Richard Hamilton: Altered images

Richard Hamilton's manipulations of news photographs show just how tricky taking a moral stance in art can be, says Tom Lubbock

Tuesday 02 March 2010 01:00 GMT
Comments

Your support helps us to tell the story

From reproductive rights to climate change to Big Tech, The Independent is on the ground when the story is developing. Whether it's investigating the financials of Elon Musk's pro-Trump PAC or producing our latest documentary, 'The A Word', which shines a light on the American women fighting for reproductive rights, we know how important it is to parse out the facts from the messaging.

At such a critical moment in US history, we need reporters on the ground. Your donation allows us to keep sending journalists to speak to both sides of the story.

The Independent is trusted by Americans across the entire political spectrum. And unlike many other quality news outlets, we choose not to lock Americans out of our reporting and analysis with paywalls. We believe quality journalism should be available to everyone, paid for by those who can afford it.

Your support makes all the difference.

I've always liked the Portrait of Hugh Gaitskell as a Famous Monster of Filmland. Great name, funny face, and the image has a nice collage-feeling, half fracture, half fusion, though it's not really a collage, it's a newsprint photo that's been partly painted over, human features with a mad-eyed monster mask imposed. I liked it long before I knew who Gaitskell was, or why he should be cast as a sci-fi monster. In fact he was the Labour leader around 1960, never PM, who betrayed the left by adopting a nuclear defence policy; so he was a moral monster, and the sci-fi connotations kind of fit in with the atom bomb. Kind of.

But it was and still is a funny picture. Knowing what it's about, and then looking at it, you can't feel that it's very horrified or very angry. There's the politician's prim little pursed mouth, peeping under the horror overlay. He looks more absurd than wicked. It often happens with collage that the effect turns out to be incongruity, not incrimination. This picture might be saying: what a weakling Gaitskell is, simply not up to mastering something big like nuclear weapons. But then the monster bit is rather comic too. With political pictures it can be hard to keep the message straight. I'm not sure that Richard Hamilton even wants to.

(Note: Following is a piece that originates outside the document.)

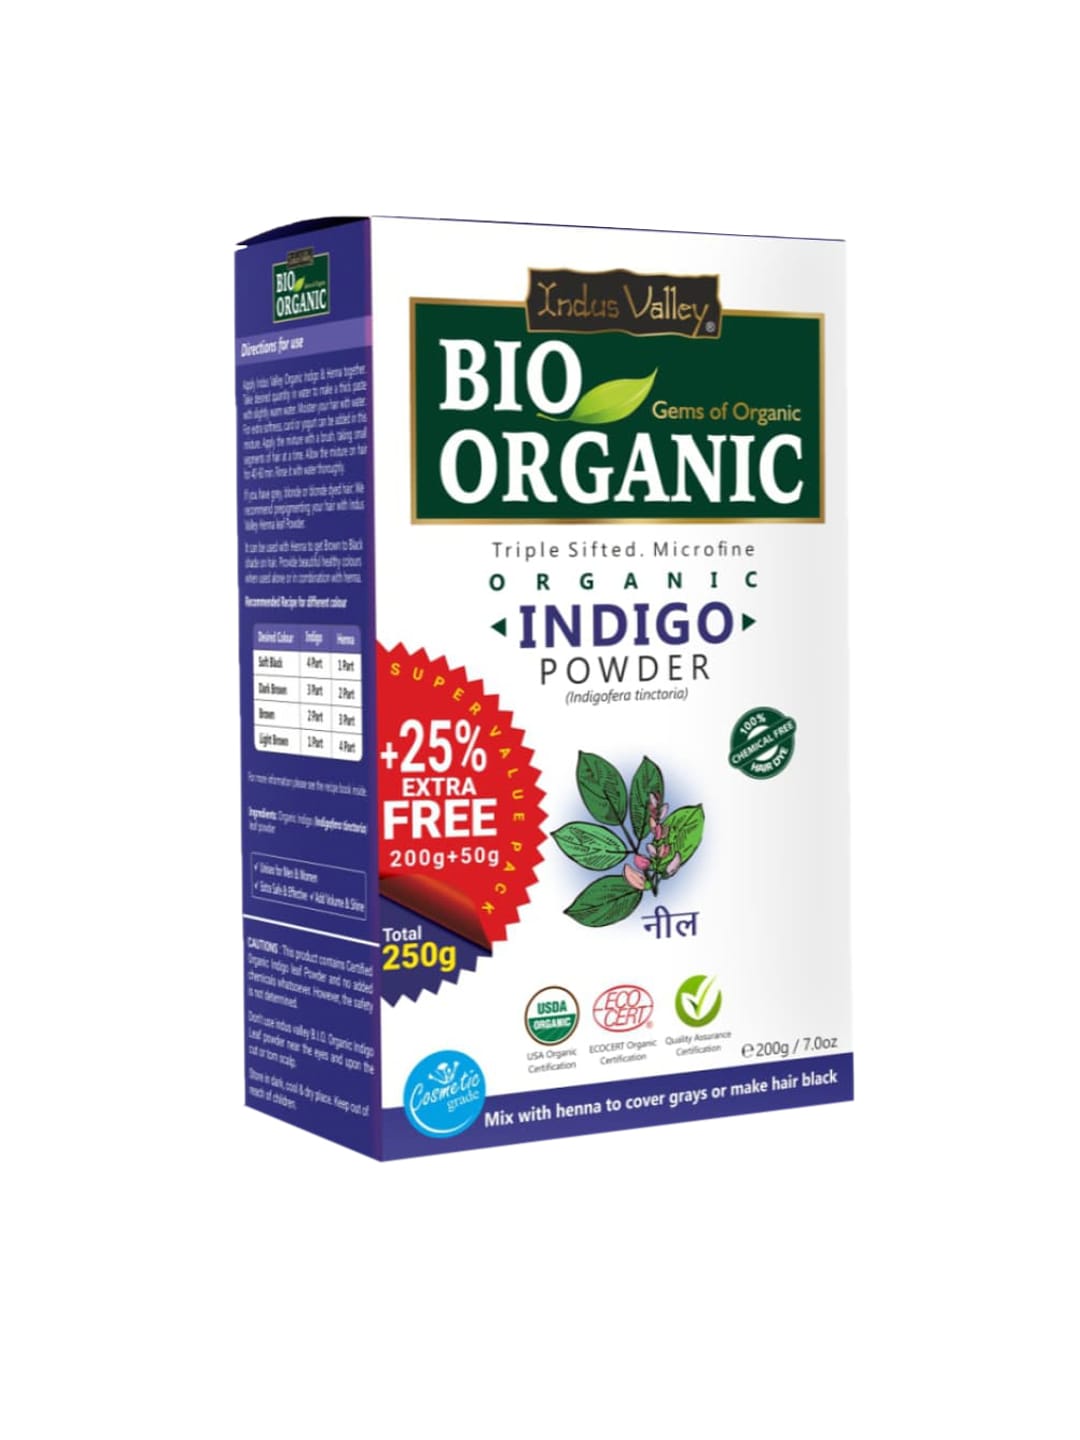 Indus Valley Bio Organic Pure Indigo Leaf Powder- 250 gm Price in India
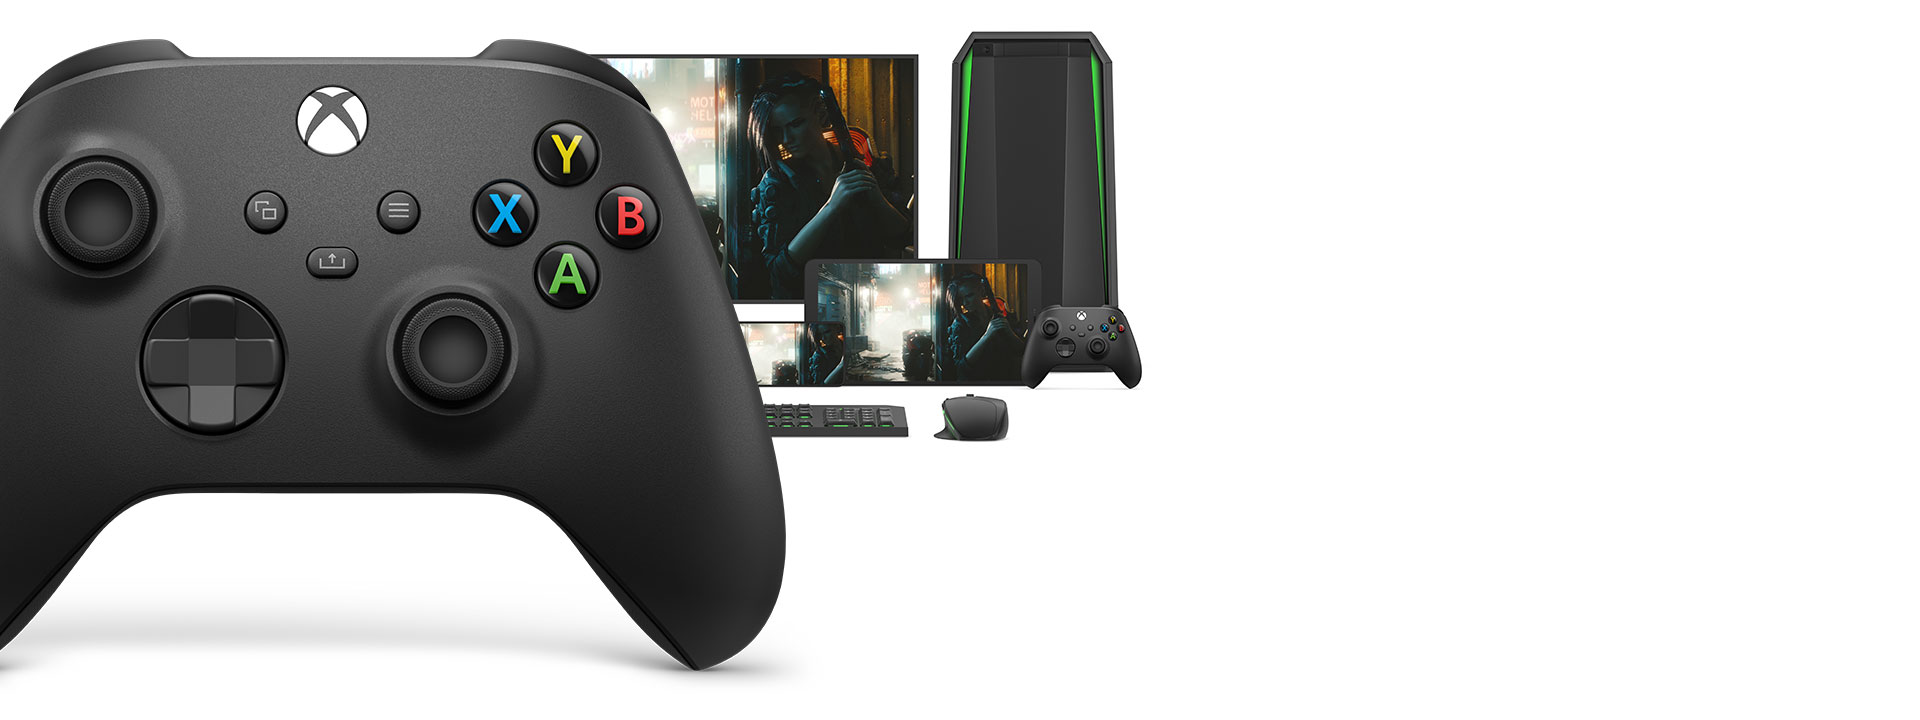 Xbox draadloze controller voor een computer, monitor, tablet, xbox draadloze controller, en een muis en toetsenbord

Portrait of Hugh... (1964) is the earliest picture in Modern Moral Matters at the Serpentine Gallery. It's a selective survey of Hamilton's whole career, and it's a good title, echoing Hogarth's "modern moral subjects" (A Rake's Progress, Marriage à-la-Mode, etc.). But you wouldn't call the focus exactly moral; more political. This is a series of images that deal with contemporary public agonies. You'll find works about Mick Jagger's drugs bust, the anti-Vietnam war demo where a student was shot dead, Ulster, Thatcherism, the first Iraq war, Blair's wars, Israel-Palestine, Mordechai Vanunu (he had spilled Israel's nuclear beans and was kidnapped by Mossad).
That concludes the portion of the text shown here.